Шрифт:
Интервал:
Закладка:
Конечно, она прекрасно осознает, и без письма Гарса, что другие по сравнению с ней живут еще хуже, поэтому себя она должна считать счастливицей. У нее нет на шее кучи детей и пьяницы-мужа. А как бы ей хотелось иметь на шее такой груз, этого Гарс понять не может. Конечно, у нее была легкая жизнь, и при некоторой ловкости можно было жить без трудностей и дальше. Она давно избавилась от больших иллюзий, а с маленькими так сжилась, что едва их замечала. Она не из тех, кто опускается на дно жизни. Для этого у нее слишком здоровый желудок. Умела чувствовать голод и успокаивать его, а когда уставала, ложилась в удобную постель. Просыпаясь – как правило, в плохом настроении, – все-таки находила в себе силы поверить, что чашка чаю все исправит. Умела сосредоточиться на чтении – детектива или хотя бы газеты. Человек может существовать, в определенном смысле даже наслаждаться своим существованием, и в куда более худших условиях. Но бесспорно – она, Шарлотта Ледгард, каким-то образом обманута жизнью и проходит по ней в роли тени. Ничего удивительного, что Элисон ее наказала, а Мэтью относится просто как к вещи. Может быть, когда-то она и радовалась своей полезности, но сейчас ей было все равно.

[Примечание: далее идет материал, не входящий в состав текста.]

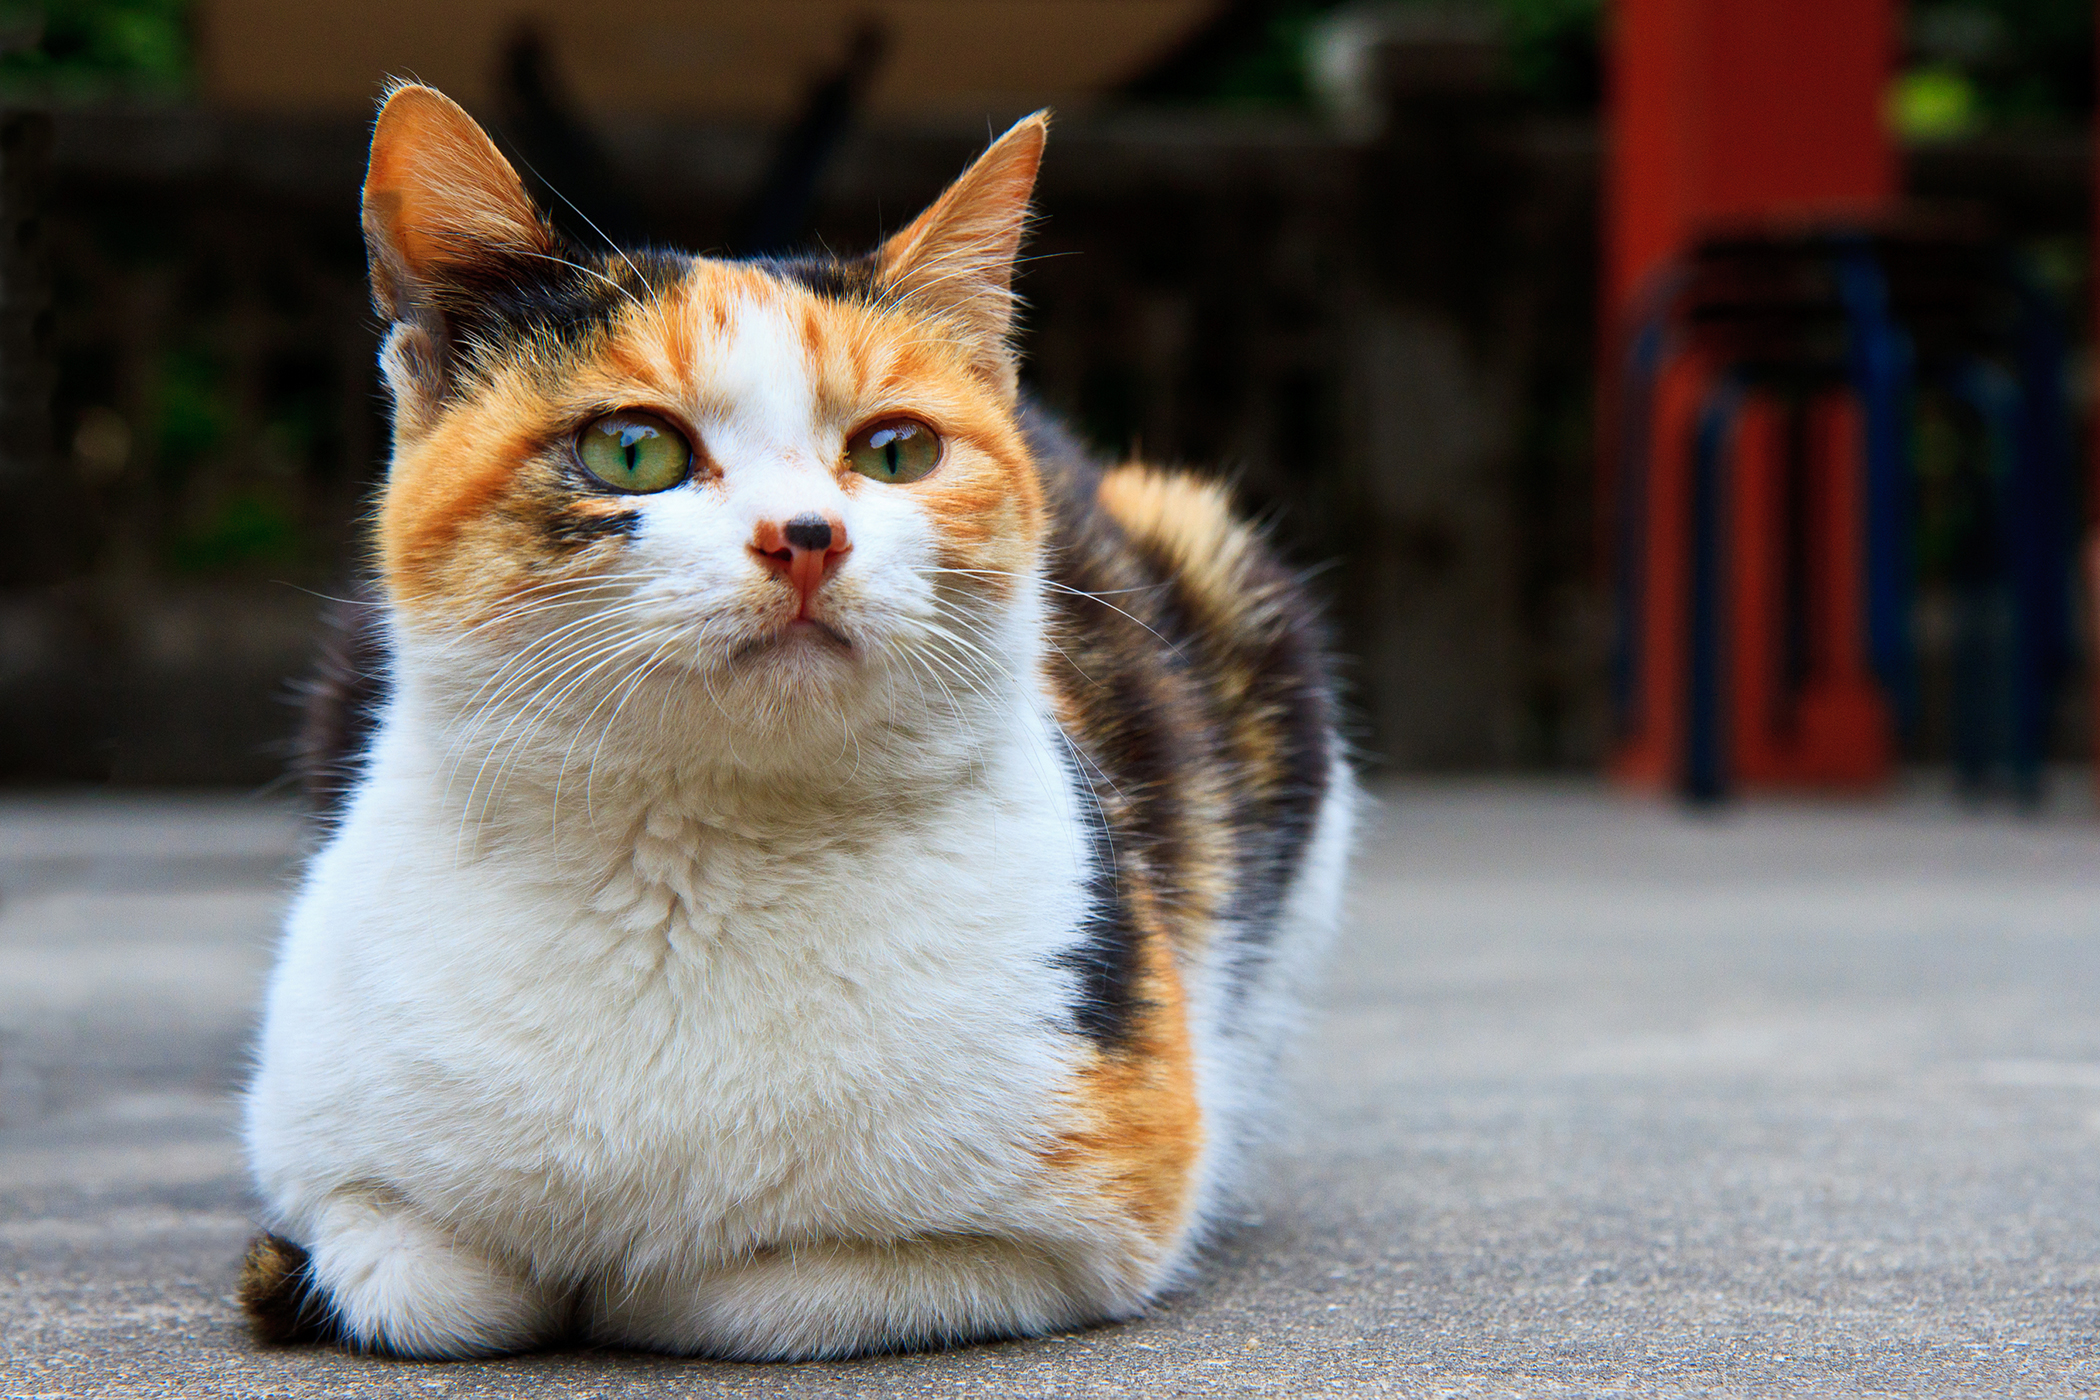 Uterine Prolapse in Cats

Значит, Остин и Дорина помирились и вскоре вернутся домой. Еще один счастливый финал. Она уберет им квартиру, прежде чем уедет, и купит цветы. Они будут ей благодарны, но видеть ее не захотят. Ей придется искать место, хотя неясно, что она может делать, кроме ухода за пожилыми женщинами. Конечно, можно воспользоваться приглашением Клер – поселиться у нее. У Тисборнов чувство ответственности весьма развито, и она ни на секунду не почувствует себя лишней в их доме. Зато поздно вечером, когда она уже будет спать, они, вернувшись из гостей, будут говорить между собой о бедной старой Лотти и вежливо сочувствовать, мысленно посылая ее ко всем чертям. А потом Клер будет поддразнивать Джорджа тем, что Шарлотта в него влюблена. А она будет лежать в постели, прислушиваясь к их голосам. И все будут твердить: какие благородные эти Тисборны, взяли на себя опеку над старой Лотти, у которой и в молодости был тяжелый характер, а с годами и подавно. Живя возле Клер и Джорджа, она будет дожидаться появления на свет маленьких Леферье. После этого станет нянькой, как раньше при Элисон.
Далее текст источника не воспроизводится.